Didn't John Adams and Thomas Jefferson die on the same day too? The parallel is pretty distant, but I suppose in their own field they were just as important. When I was writing my obituary essay about Ingmar Bergman on Monday, I at first included a parenthesis to say that Michelangelo Antonioni and Jean-Luc Godard were now the last surviving big-name directors of 1960s art-house cinema. Late in the day I had to take that sentence out, marveling at the strangeness of fate; word came over the Associated Press wires that Antonioni had died in Rome, at age 94.
I don't want to get dragged into some facile compare-and-contrast, or the sort of wonky taxonomy that reveals film snobbery at its most unpleasant.
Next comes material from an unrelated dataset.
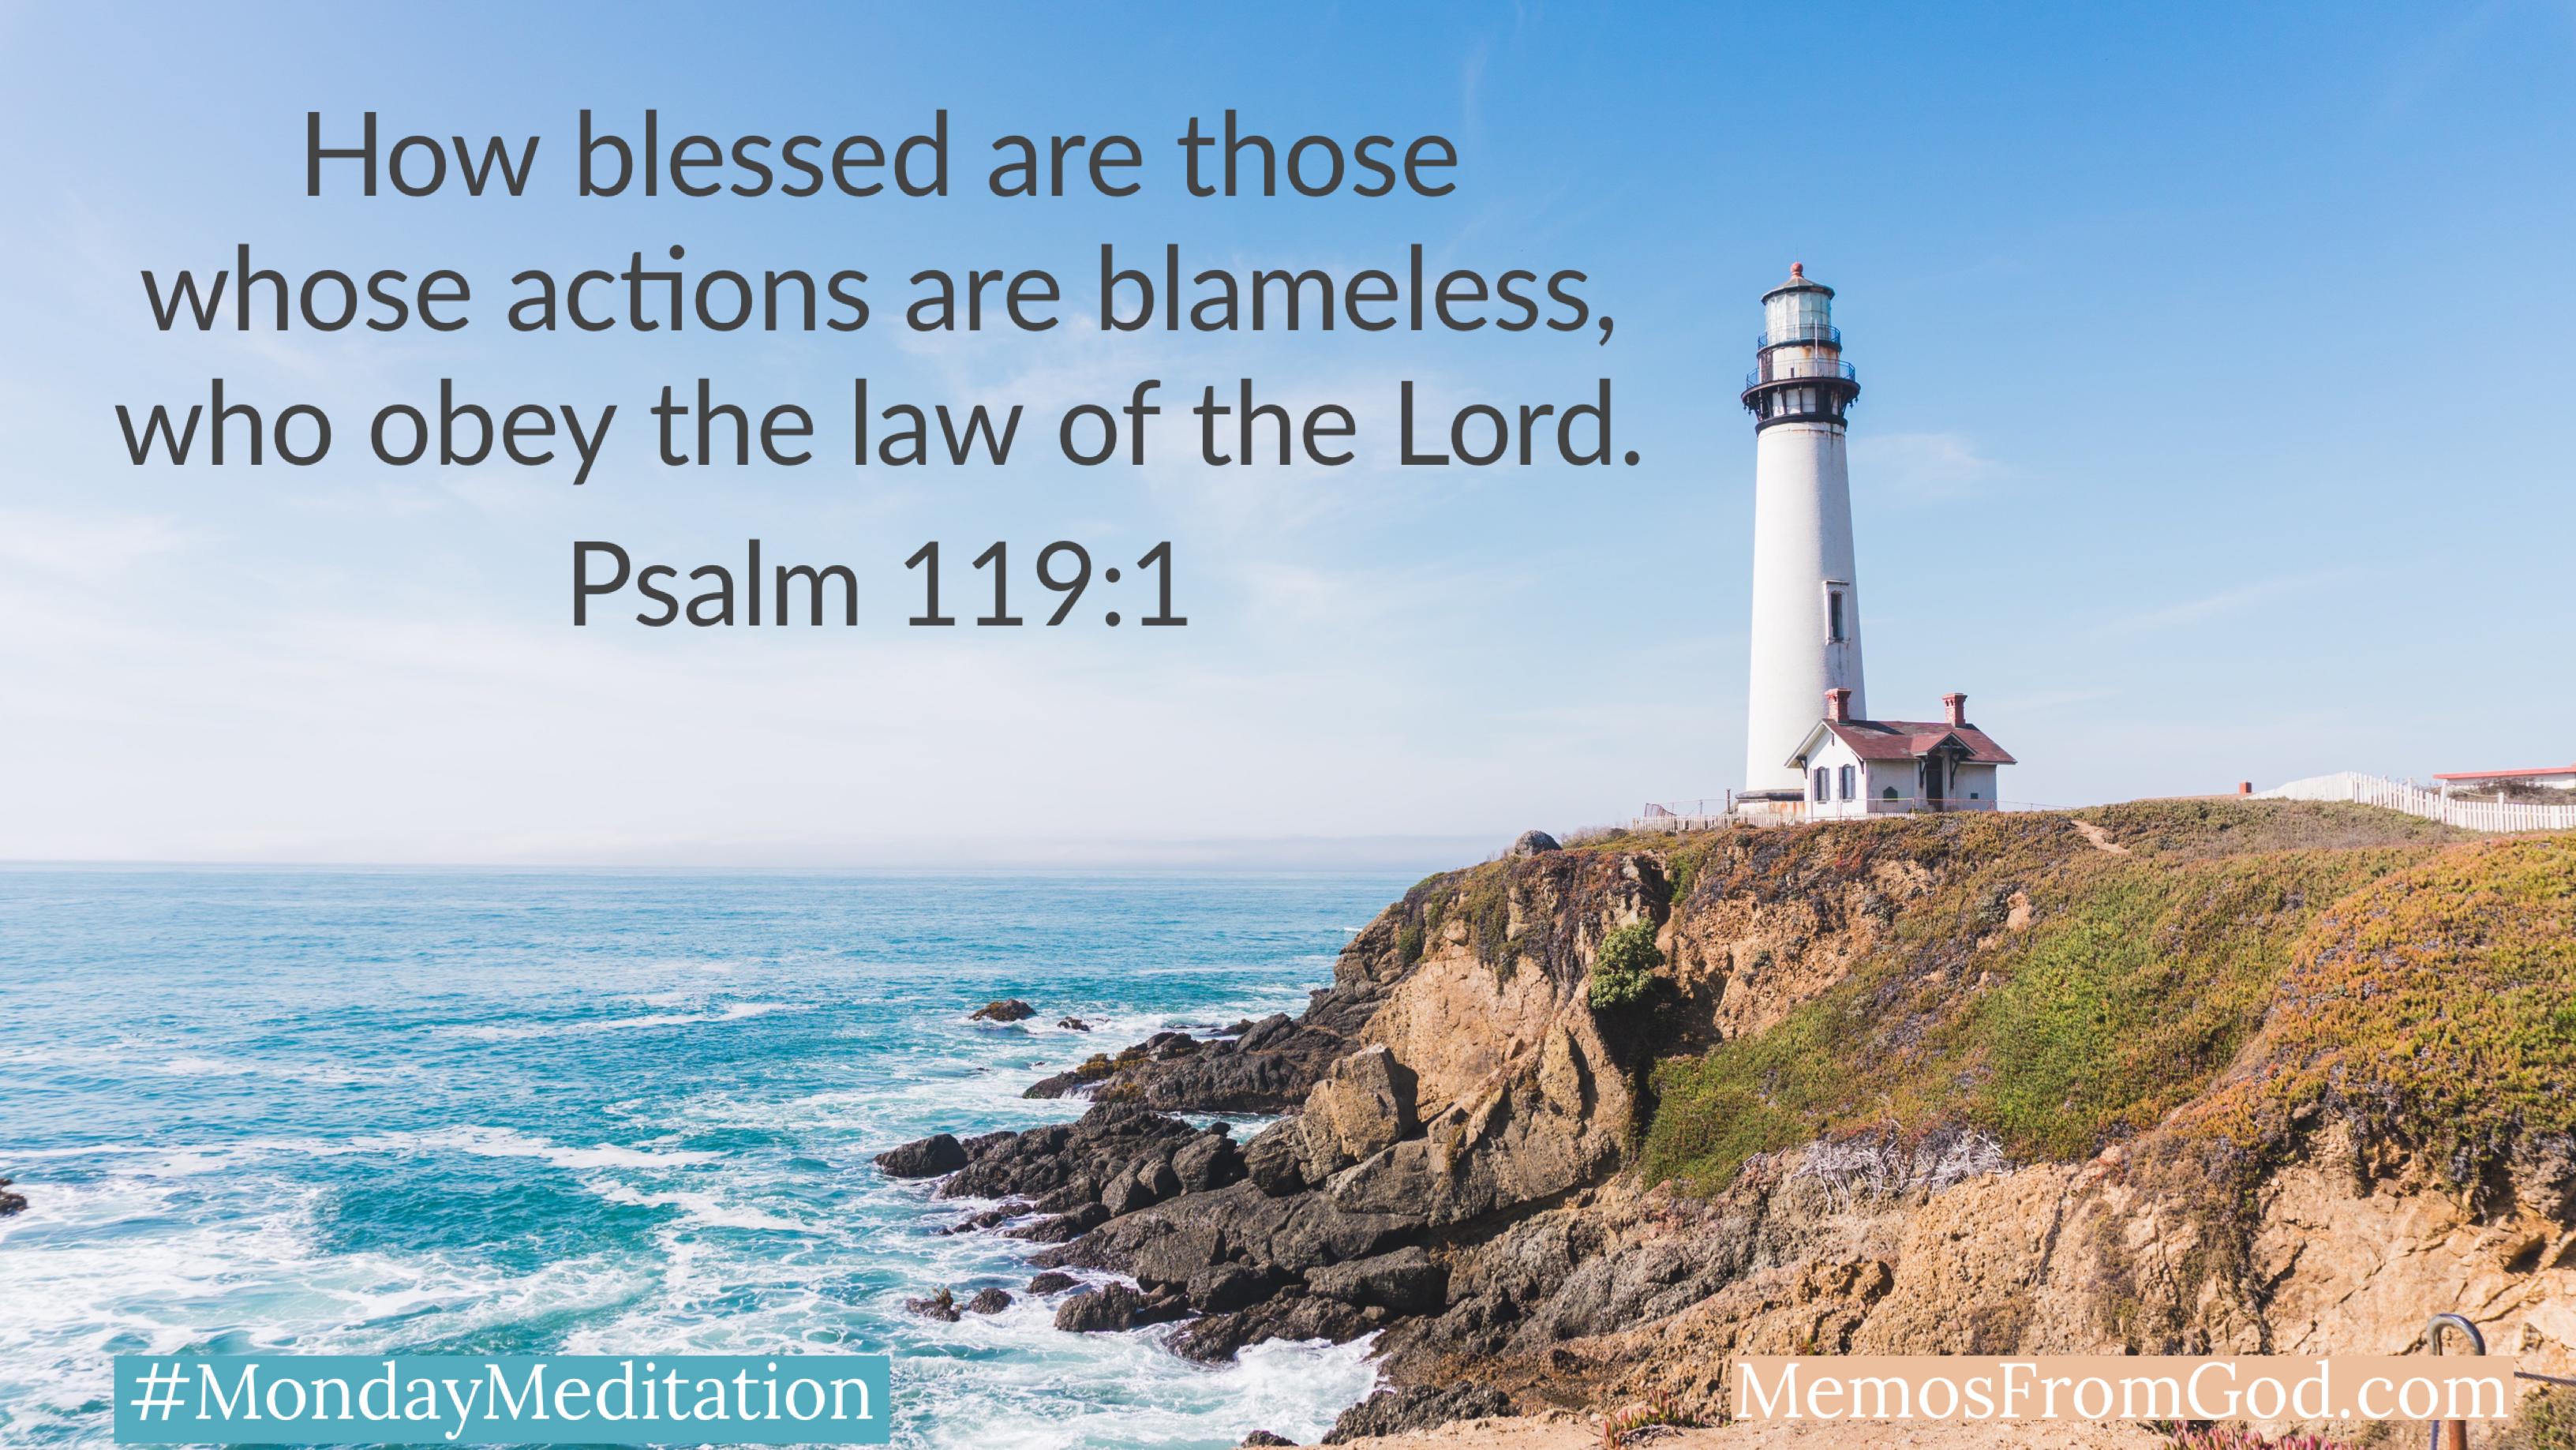 A white lighthouse with a small house stands on a rocky shore overlooking teal water with whitecaps. Caption: How blessed are those whose actions are blameless, who obey the law of the Lord. Psalm 119:1
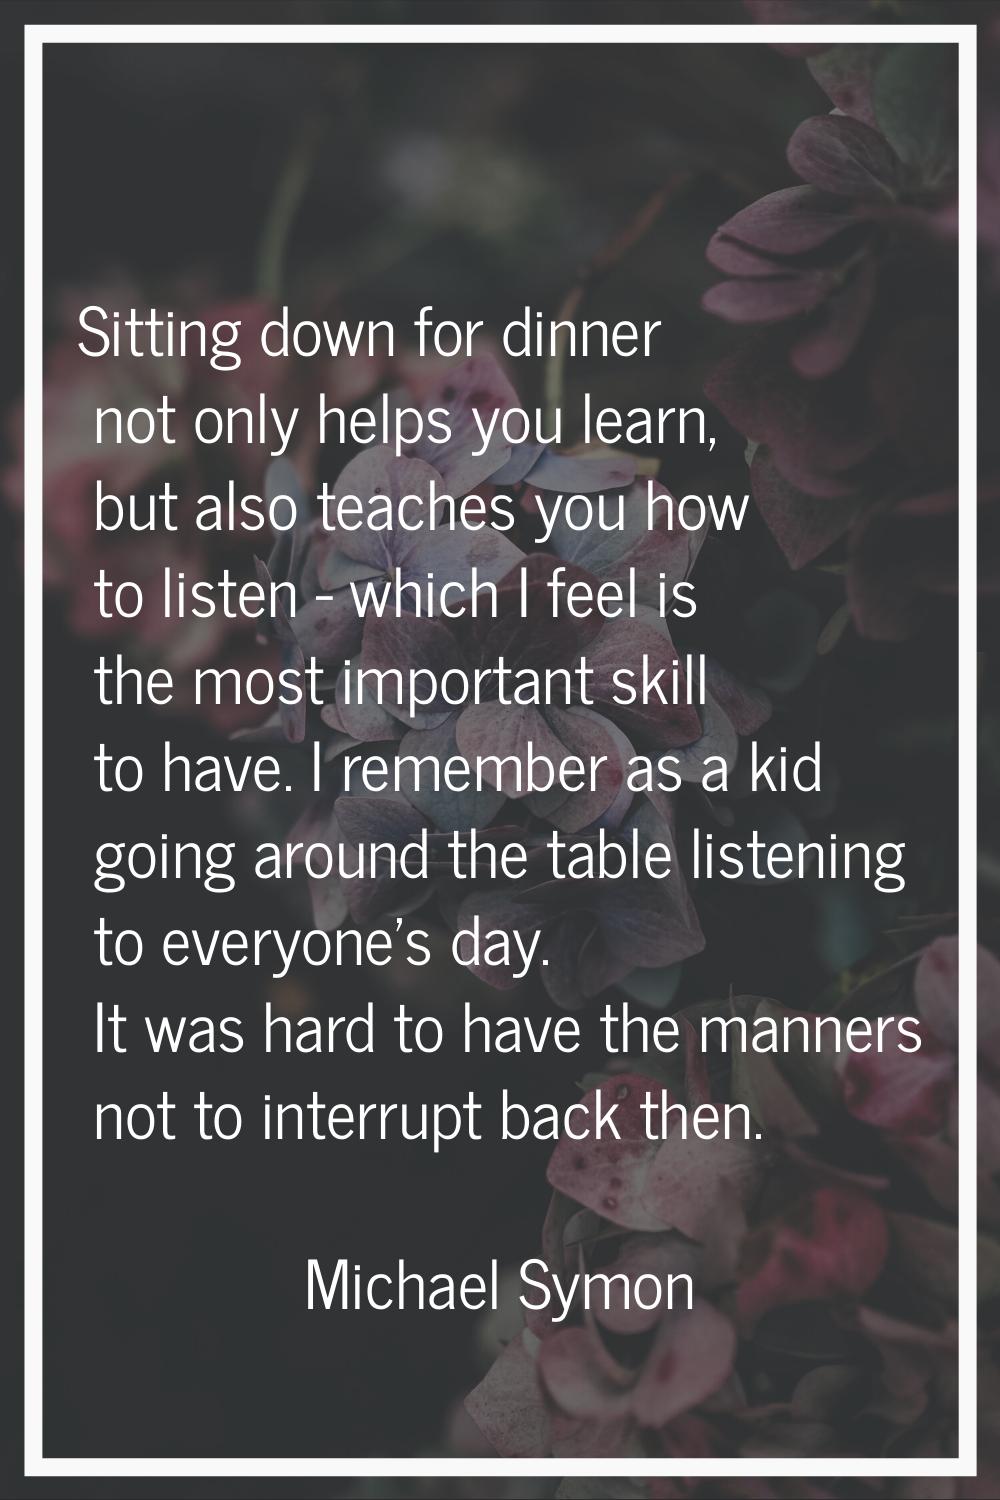 Sitting down for dinner not only helps you learn, but also teaches you how to listen - which I feel

You can't imagine contemporary cinema without both Bergman and Antonioni any more than you can imagine the history of the American republic without both Adams and Jefferson. (Unlike the second and third presidents, the two filmmakers liked and respected one another.) As different as Bergman's intense, emotional dramas were from Antonioni's highly stylized landscapes of cosmopolitan anomie, both were responding to the same phenomenon: the perceived spiritual emptiness of Western civilization in the decades that followed the horrors of World War II.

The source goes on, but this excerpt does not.